Last week, ABC announced drastic cuts for its newsroom staff. The situation is similar at CBS, which in early February reduced its news-gathering personnel. These pull-backs by the major networks, paralleled by lessening or flat-out elimination of newspapers, will boost the number of people who check the Internet for medical news.

Two recent studies, from the Pew Center’s Internet & American Life Project and the CDC’s National Center for Health Statistics, confirm that most Americans are going on-line for health information. Compounding this effect, in all likelihood, are the uninsured, those reluctant to fork out hefty co-pays and some who are unable to dole out a deductible before they see a doctor.

Bottom line: the role of Internet-based health resources is likely to expand over the next decade. We need to know what’s out there –

We should start with MedlinePlus, a virtual superstore of free medical information. Co-sponsored by the National Library of Medicine (NLM) and the National Institutes of Health (NIH), this site is comprehensive and relatively clear of commercial bias. (There are significant exceptions, see below). It’s a useful origin for most any health-related search.

MedlinePlus covers more than 800 topics in English, 500 in Spanish and selective information in over 45 languages – you can read about anemia in Bosnian, hand hygiene in Creole or viral hepatitis in the Hmong language.

The site includes a medical dictionary, an encyclopedia (provided by A.D.A.M., a health education company that’s traded on the NASDAQ, ADAM), a compendium of drugs, supplements and herbs (put forth by the American Society of Health-System Pharmacists), a database on herbal remedies from Natural Standard, and some 165 interactive health tutorials.

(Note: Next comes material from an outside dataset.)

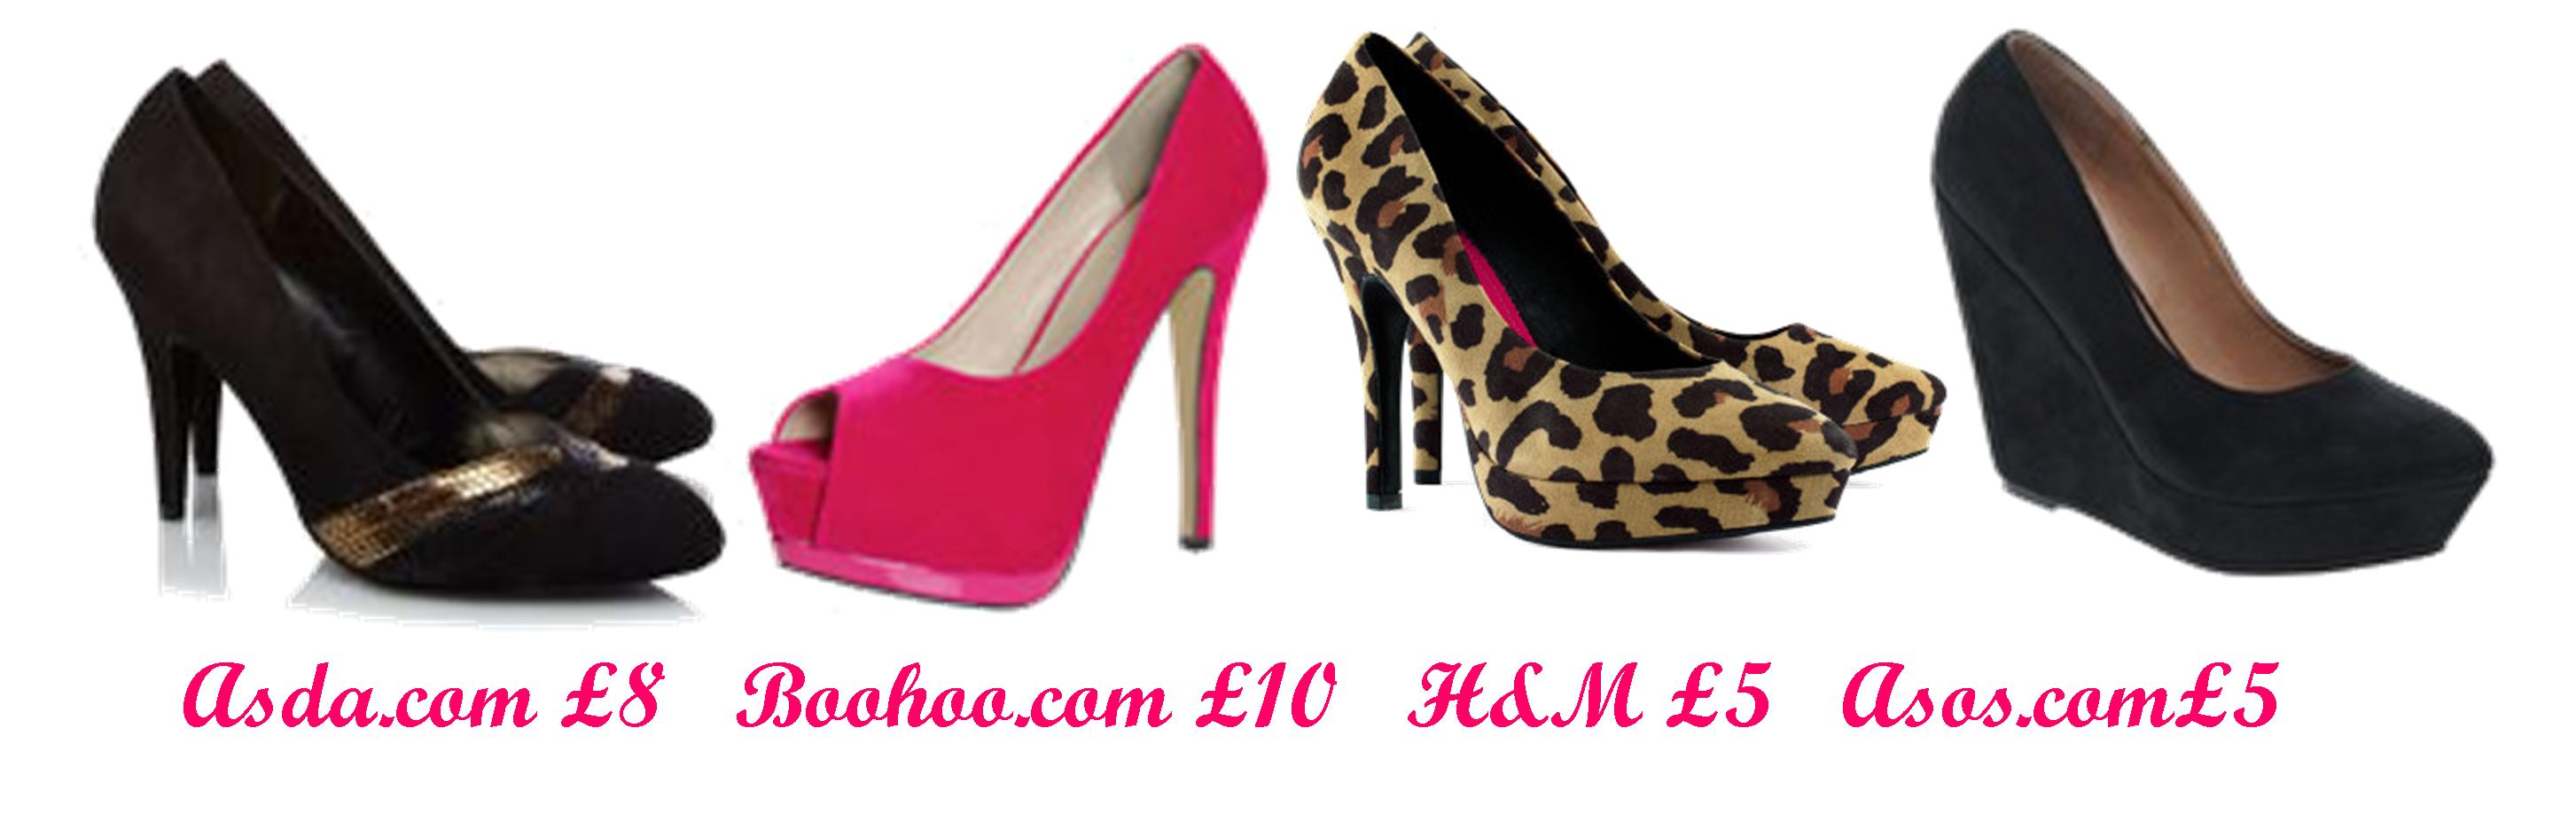 tuesday shoesday cheapest sale shoes jan 2013 asda asos boohoo h and m heels

There’s a direct link to the original on-line database that doctors used for decades, Medline/PubMed. This professional reference encompasses over 16 million articles published in more than 5000 scientific and medical journals. For the most part it’s a well-organized list of titles and abstracts, or summaries, of biomedical papers. A growing proportion of the articles are available in their entirety, and the abstracts can sometimes provide helpful clues in a medical search.

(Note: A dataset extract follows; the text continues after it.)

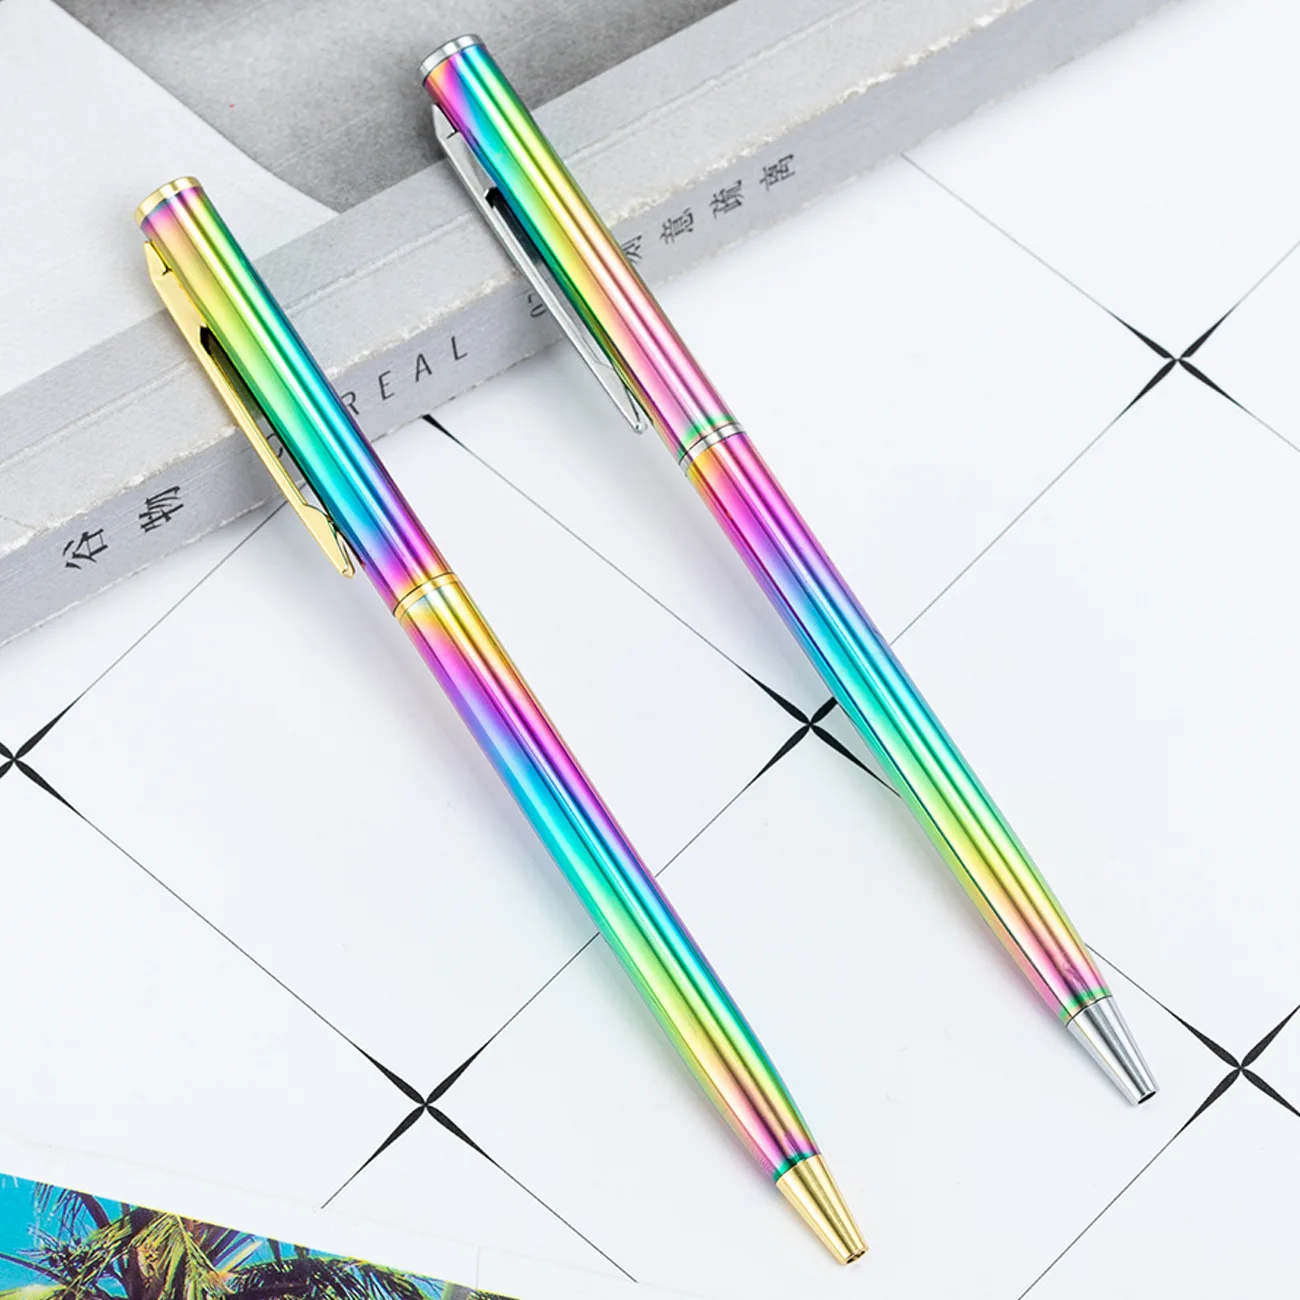 20Pcs Gradient Metal Ballpoint pen Cute Rotary Ball pens Business pen office School writing supplies children students multi color 10 in 1 candy color ball ballpoint pen cute marker pen school supplies

Another key connection is to ClinicalTrials.gov, an NIH-sponsored registry of all federally-sponsored and many privately-funded clinical trials conducted in the United States and elsewhere. For cancer patients, this database is crucial; previously, only doctors searching for clinical trials could access a public database of experimental treatments. (I’ll cover this site in a separate, future post.)

MedlinePlus offers an extensive catalogue of surgical procedure videos. You can watch an abdominal hysterectomy, vasectomy reversal or open heart surgery if you choose. While the films can be helpful, perhaps, to some patients who are deliberating about a procedure, some of my non-physician friends have found them rather bloody. I have some reservations about this component of the MedlinePlus site, in that many of the videos are provided by community medical centers and, the films are provided by a commercial enterprise, ORlive.

In recent years the number of visitors to MedlinePlus has hovered over 10 million per month. In 2009, the site received hits from approximately 128 million distinct Web addresses.

Last year, I spoke with Robert Logan, Ph.D., of the Office of Communications at the National Library of Medicine. “We’ve hit some sort of tipping point,” he said. “The internet has eclipsed other health information sources.”

Despite the comprehensiveness of MedlinePlus, there’s work to be done, said Logan. Some particular areas he hopes to improve on include ethics, epidemiology and statistics. “It’s hard for people to look at numbers and make clinical decisions,” he said. “But that’s a serious weakness in all areas of medicine all over the world.”